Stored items

%%

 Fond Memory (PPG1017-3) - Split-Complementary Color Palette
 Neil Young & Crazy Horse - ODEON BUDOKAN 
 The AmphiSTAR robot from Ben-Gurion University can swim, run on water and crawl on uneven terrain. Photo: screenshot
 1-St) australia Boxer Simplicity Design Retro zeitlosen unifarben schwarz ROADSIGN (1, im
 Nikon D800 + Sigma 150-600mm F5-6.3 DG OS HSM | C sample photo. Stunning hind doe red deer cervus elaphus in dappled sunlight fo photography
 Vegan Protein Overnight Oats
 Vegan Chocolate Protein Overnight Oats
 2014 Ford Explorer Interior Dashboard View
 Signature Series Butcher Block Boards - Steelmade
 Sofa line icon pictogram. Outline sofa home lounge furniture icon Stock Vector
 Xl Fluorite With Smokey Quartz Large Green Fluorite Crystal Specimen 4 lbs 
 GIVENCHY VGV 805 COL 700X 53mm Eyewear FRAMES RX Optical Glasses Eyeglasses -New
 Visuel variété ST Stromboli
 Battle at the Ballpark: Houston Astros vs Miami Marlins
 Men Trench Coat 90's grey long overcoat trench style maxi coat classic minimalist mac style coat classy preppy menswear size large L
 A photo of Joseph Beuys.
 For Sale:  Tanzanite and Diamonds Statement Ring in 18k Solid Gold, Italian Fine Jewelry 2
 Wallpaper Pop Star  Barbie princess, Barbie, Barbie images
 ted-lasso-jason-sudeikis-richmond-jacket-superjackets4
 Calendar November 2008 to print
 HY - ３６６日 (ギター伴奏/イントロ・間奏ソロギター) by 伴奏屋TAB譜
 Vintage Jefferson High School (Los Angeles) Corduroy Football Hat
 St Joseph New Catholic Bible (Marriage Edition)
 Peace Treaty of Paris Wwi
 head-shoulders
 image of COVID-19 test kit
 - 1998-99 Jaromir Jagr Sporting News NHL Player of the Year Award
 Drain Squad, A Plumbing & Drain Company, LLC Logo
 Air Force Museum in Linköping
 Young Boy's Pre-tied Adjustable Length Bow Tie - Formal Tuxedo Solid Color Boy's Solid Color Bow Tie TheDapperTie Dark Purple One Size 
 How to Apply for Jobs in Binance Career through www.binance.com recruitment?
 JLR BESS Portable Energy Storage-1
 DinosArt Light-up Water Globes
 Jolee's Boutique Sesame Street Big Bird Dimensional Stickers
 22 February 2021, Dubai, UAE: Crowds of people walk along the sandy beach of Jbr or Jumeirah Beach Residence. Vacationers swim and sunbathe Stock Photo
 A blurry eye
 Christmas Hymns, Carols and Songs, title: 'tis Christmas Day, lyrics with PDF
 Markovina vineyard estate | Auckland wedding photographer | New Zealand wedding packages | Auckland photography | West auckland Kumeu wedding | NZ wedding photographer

%%

# [The problem]
Report, for the data above, every line in which the string "swim" appears.

# [Result of the exercise]
 The AmphiSTAR robot from Ben-Gurion University can swim, run on water and crawl on uneven terrain. Photo: screenshot
 22 February 2021, Dubai, UAE: Crowds of people walk along the sandy beach of Jbr or Jumeirah Beach Residence. Vacationers swim and sunbathe Stock Photo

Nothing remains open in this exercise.